To O’Brien, the whole thing seemed fishy. He hadn’t met Grigoriev, but he had heard of him as a mild-mannered professor of economics from the Gorbachev era. Then there was the memo itself. Across the top was printed, “ATTENTION: The very fact of our participation in this transaction must remain a secret,” which struck O’Brien as somewhat counterproductive. Its author recounted past windfalls from insider trading: “You realized the profit of $4,308,000 or 43% of your initial investment,” he wrote, adding parenthetically, “Minus my modest commission of 10%.” Hokey, O’Brien thought.

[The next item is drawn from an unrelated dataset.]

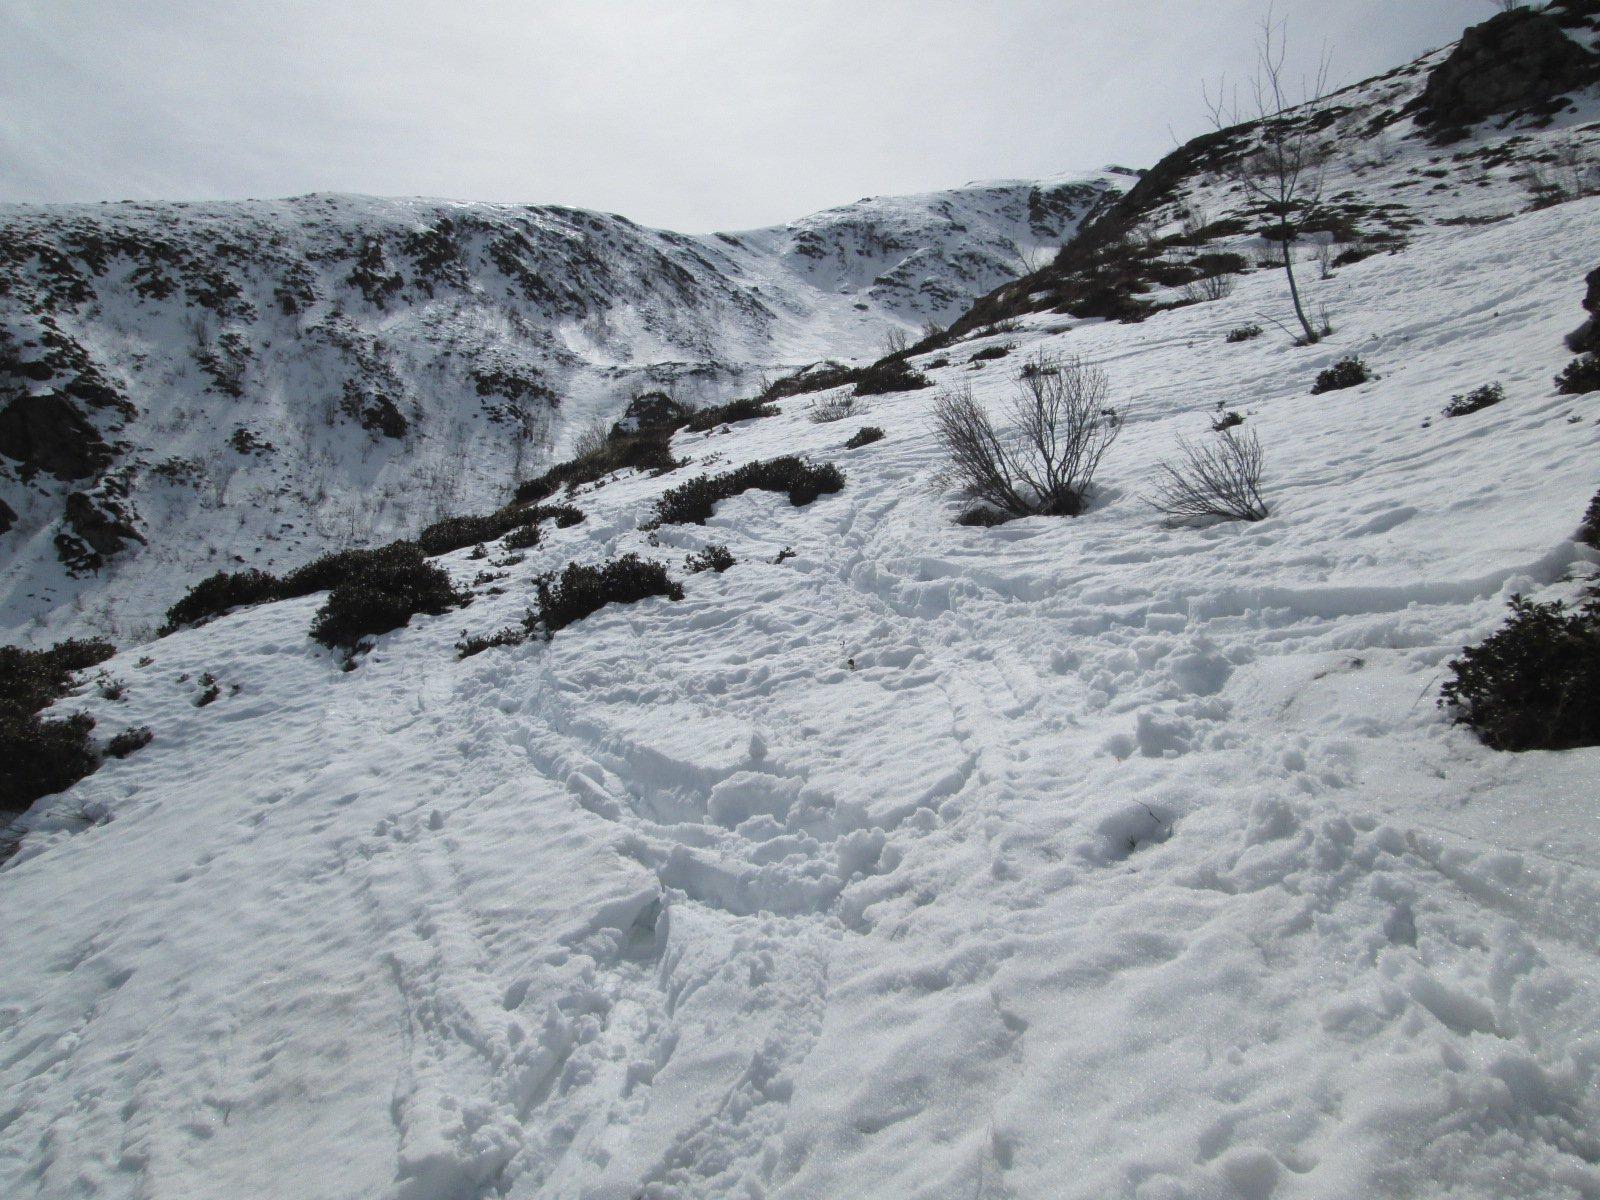 neve pessima sotto i 2.000 metri

Zeltser presented a number of documents that seemed to corroborate the scheme – a record of some Russian bond trades, a letter from a Washington, D.C., law firm to Inkombank that mentioned Grigoriev as an Inkombank agent in the U.S. But there were some documents he wouldn’t let O’Brien take with him, and others with pages missing.

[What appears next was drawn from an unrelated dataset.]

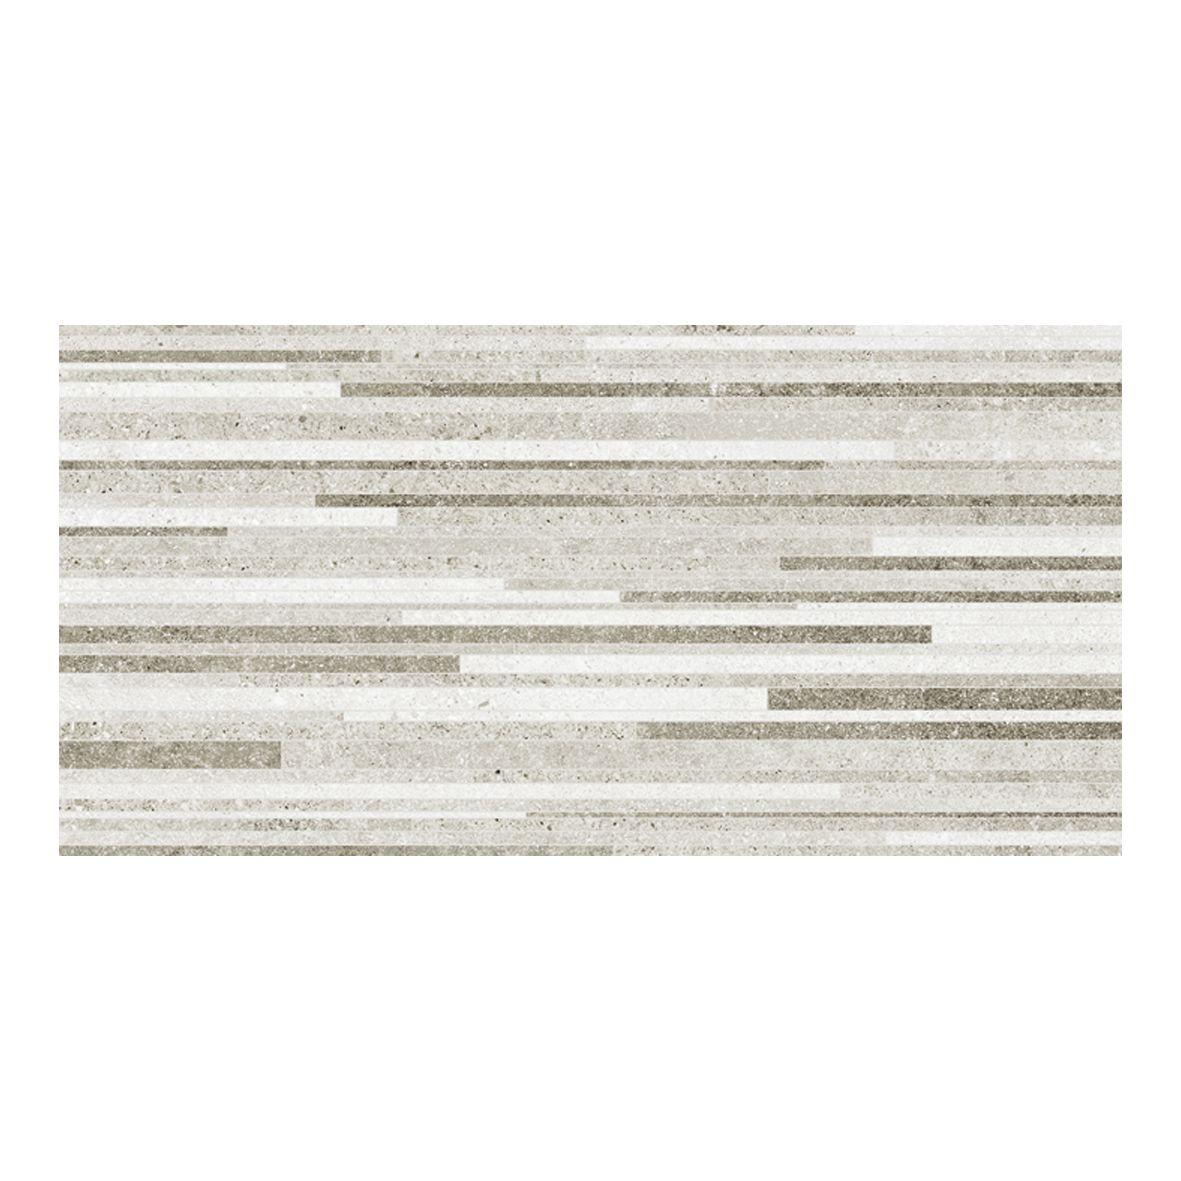 Mapisa Household Grey Tile - 600x300mm - Bathroom Wall, Floor Tiles ...

“I am thinking, This stuff is fake, and this guy is just starting to smear people,” O’Brien says. “I’m not trying to sound like Saint Tim, but I think that isn’t right.”

Back in the newsroom, O’Brien called Andrei Bugrov, Grigoriev’s former boss at the World Bank, whose fax machine had sent the memo. Bugrov said it seemed phony to him, too. What’s more, he said he had told the Journal that. Still, the World Bank had hired outside lawyers to investigate. Then O’Brien did some more research – he found Zeltser widely cited since the Times had quoted him, and several stories seemed to draw on the same dubious materials Zeltser had shown O’Brien.

“Frankly, my first reaction was, let the Journal keep using this guy if they want. He’s a dead end. But when I saw the stuff he was disseminating, I thought, there is a different issue here. This guy had become an important player in what is arguably the biggest financial story of the decade, just because he is skilled at orchestrating this stuff and the media isn’t more skeptical.”

O’Brien told his editor, Stephen Engelberg, what he had learned about the unofficial money-laundering lending-library Zeltser had opened for journalists in his office, and Engelberg told him it was worth looking into – it might be a story. Two days later, O’Brien called Zeltser. “We are interested in doing a story on you now, Emanuel,” O’Brien says he told him. “A lot of this stuff is problematic, and you have bragged to me that you are a source for too many legs of this story.”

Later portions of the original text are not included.